Status as the "First Americans" is a matter of considerable pride, and, as indigenous peoples, American Indians and Alaska Natives point to the sophistication and complexity of their societies at the time of European contact. Although some were nomadic hunters and gatherers living in groups of 30 to 100, others were members of more numerous tribal groups of sedentary agriculturalists who tilled fields of domesticated plant foods and had political structures that forged alliances between settlements. Still others were organized into larger and more socially complex groups, with massive ceremonial structures, elaborate artistic motifs, and extensive trade relationships with groups at distances of up to a thousand miles.

EARLY IMPACT OF DISEASE AND A LEGACY OF DISTRUST

All aboriginal societies had healers who aided the sick, and in such a context distinctions between religious practices and health practices, as understood by most white Americans, are a largely artificial dichotomy. However, these traditional ministrations had little effect on the variety of diseases introduced by Europeans. "Old World" diseases included "smallpox, measles, the bubonic plague, cholera, typhoid, pleurisy, scarlet fever, malaria, yellow fever, diphtheria, mumps, and whooping cough, and probably typhus and syphilis." Epidemics were recurrent, and accompanying them were ''direct and indirect effects of wars (and genocide), enslavements, removals, and relocations, and the destruction of 'ways of life' and subsistence patterns. . . ."3 For example, smallpox had a profound impact on mortality in children under age five, fetal loss and infertility in women, and possibly infertility in men.
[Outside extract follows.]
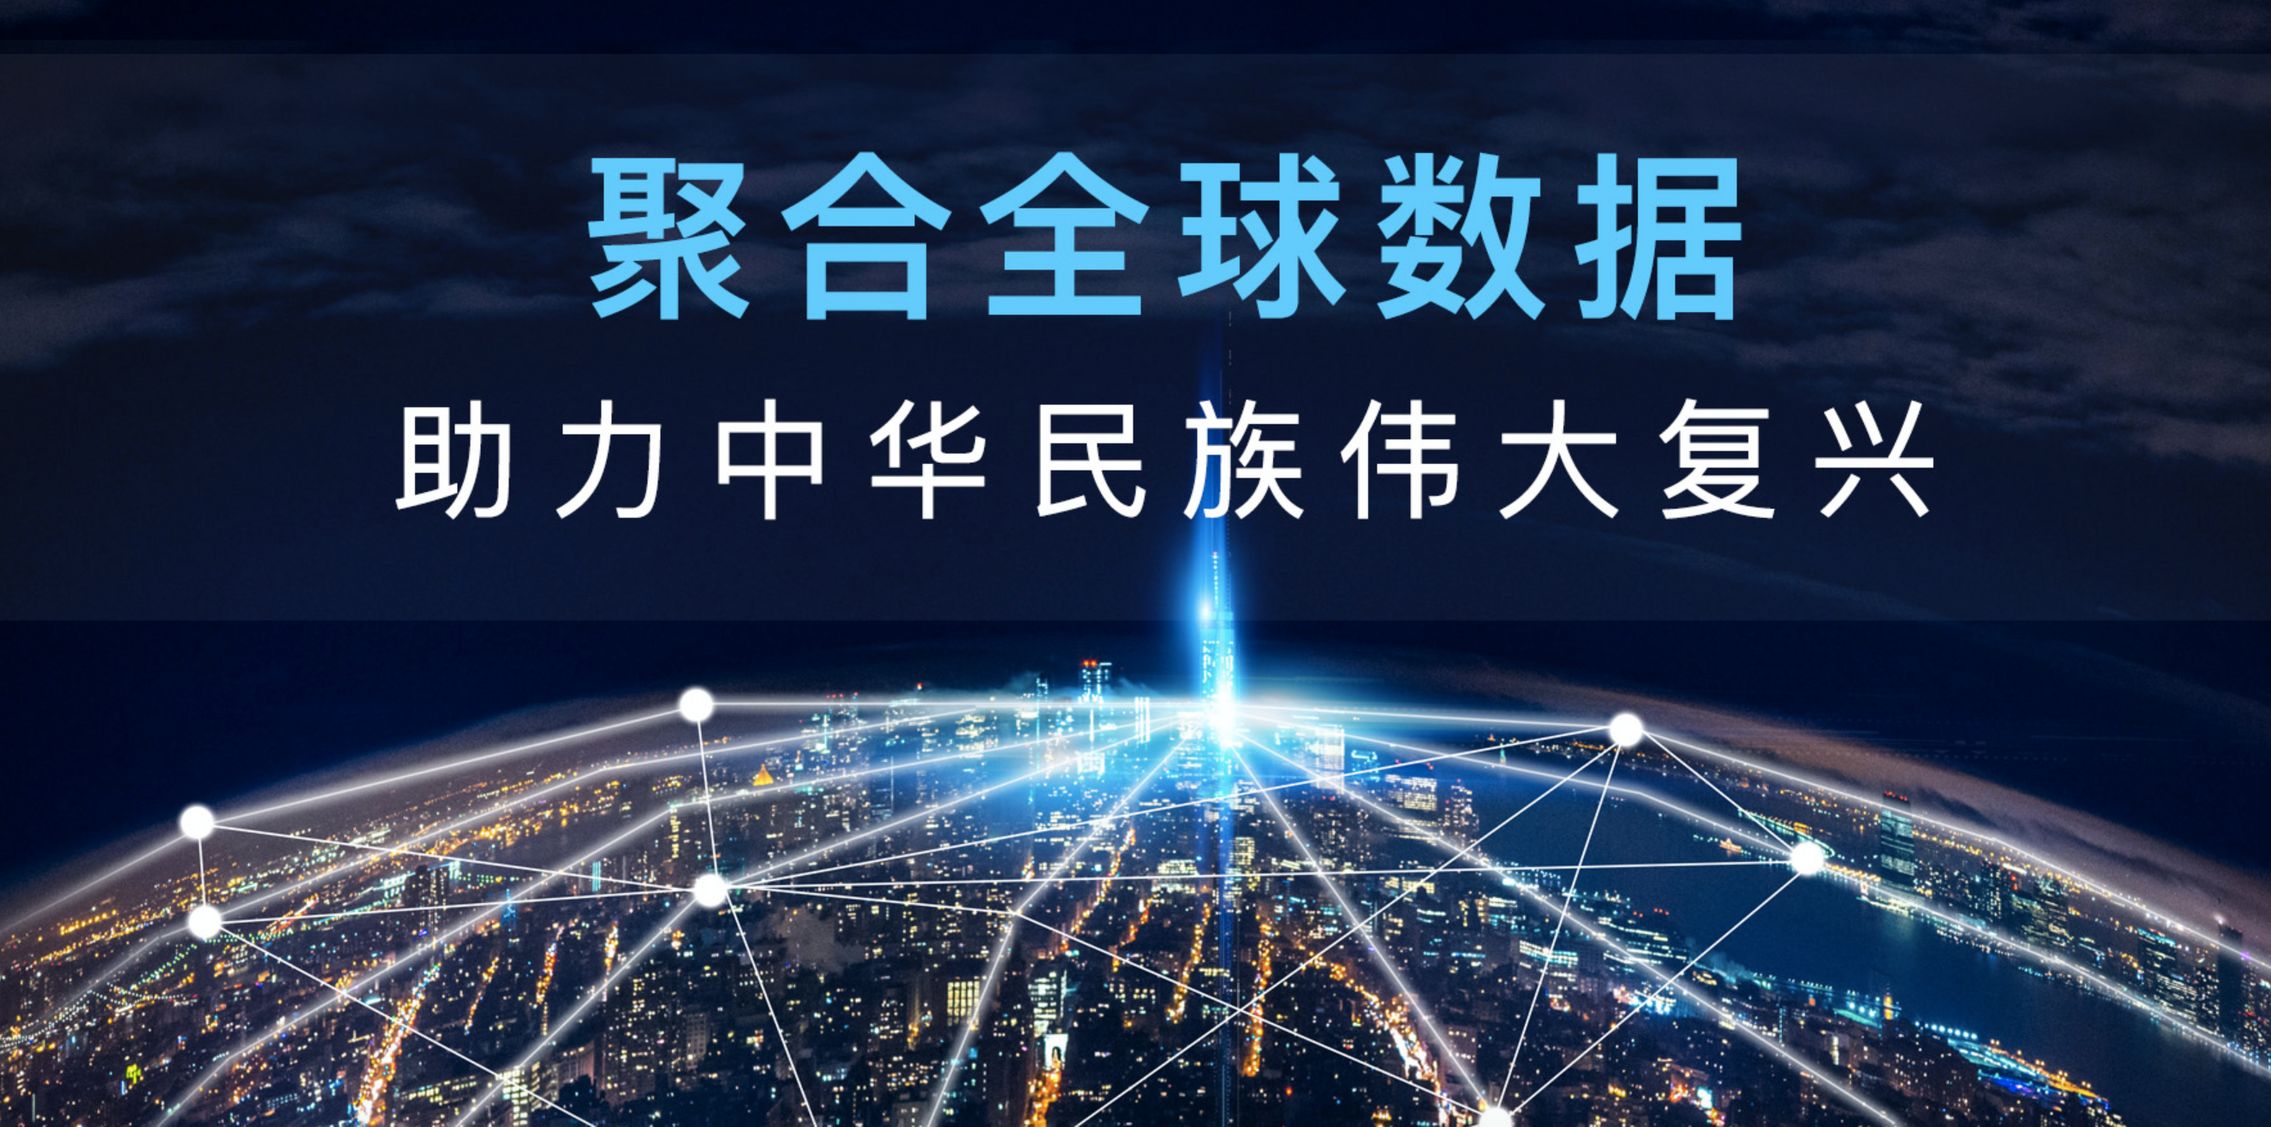 Snímek dnes už vypnutého čínského webu firmy Zhenhua Data Technology, který nabízel osobní data pro hybridní válku proti západu.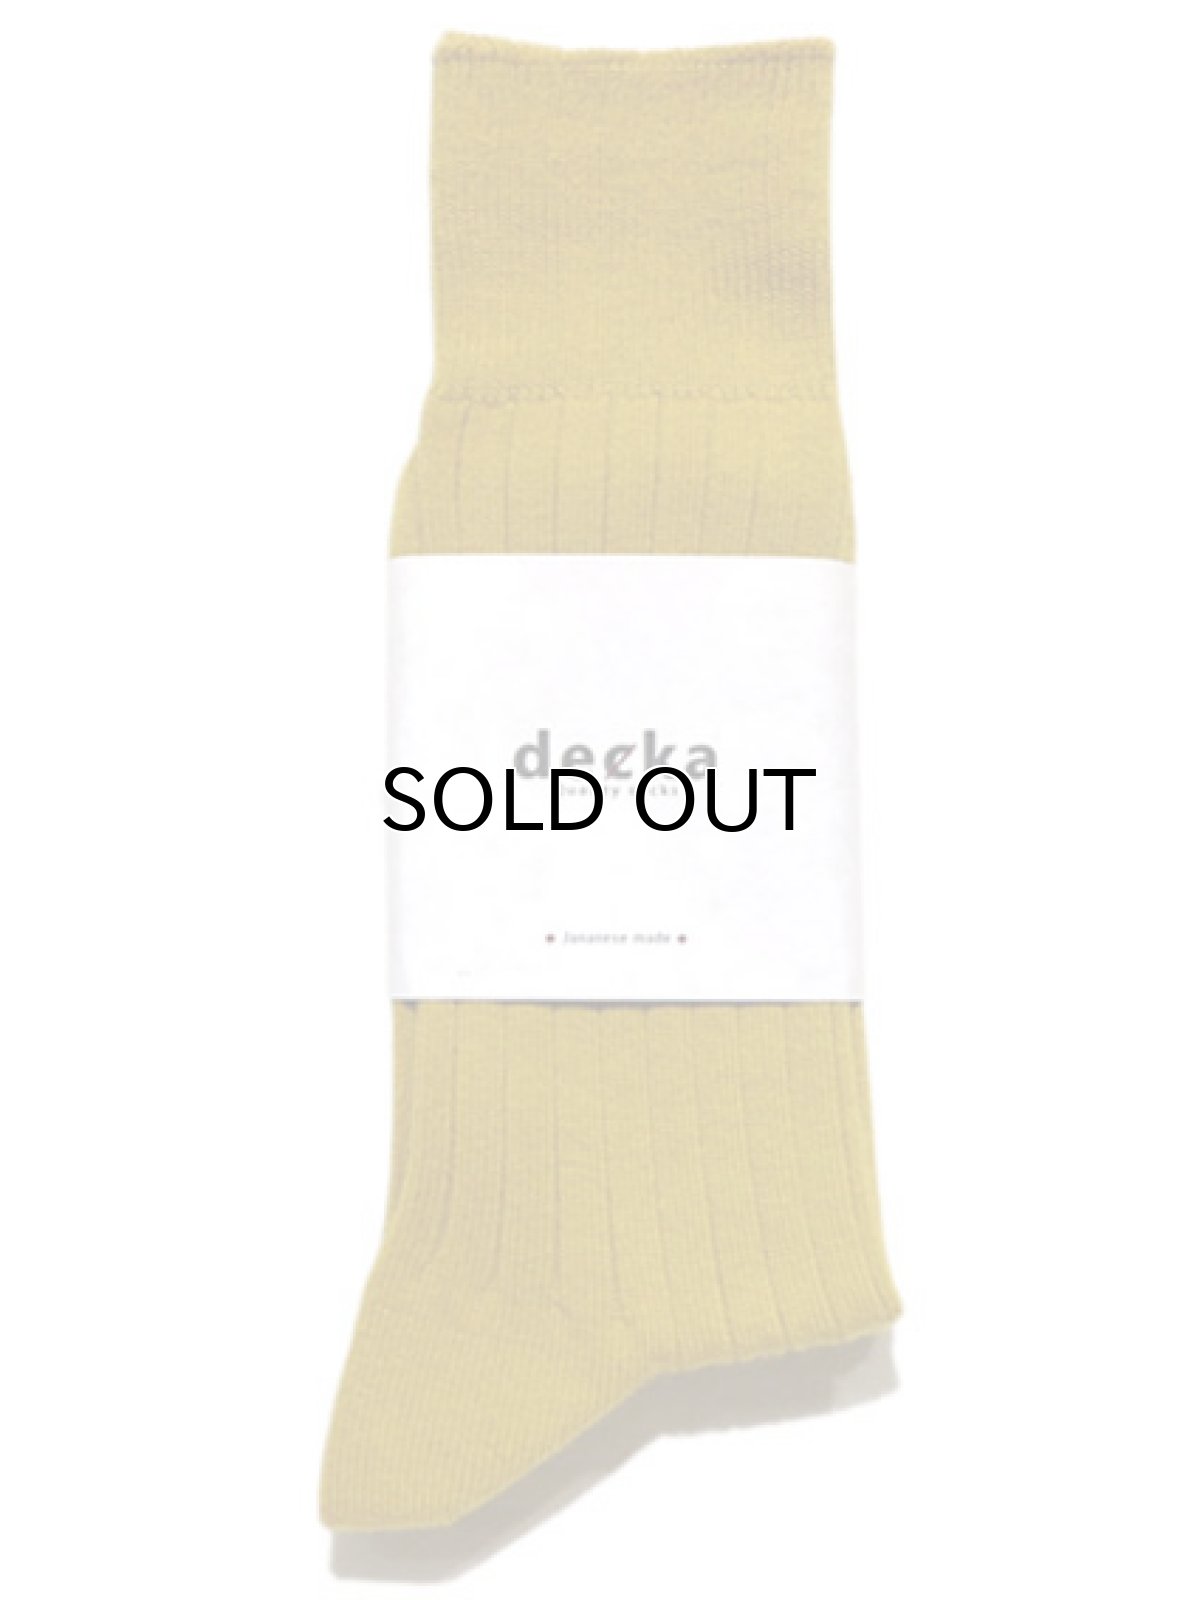 画像1: decka quality socks "144N PLAIN SOCKS"　made in JAPAN　ONE SIZE　color : YELLOW (1)

Depopulation from morbidity and mortality also led to general social disorganization and breakdown in performance of social roles. An epidemic of measles that occurred within the last quarter-century in a South American aboriginal group with no immunity provides a glimpse of deteriorating conditions that occurred in the wake of smallpox (and other) epidemics from the seventeenth to the nineteenth century. Caring for children, obtaining food, tending the sick, and attention to sanitary conditions were sufficiently disrupted to increase morbidity and mortality.4 Previously healthy women and men were so demoralized that many turned their backs, assumed a fetal position in their sleeping hammocks, and awaited death.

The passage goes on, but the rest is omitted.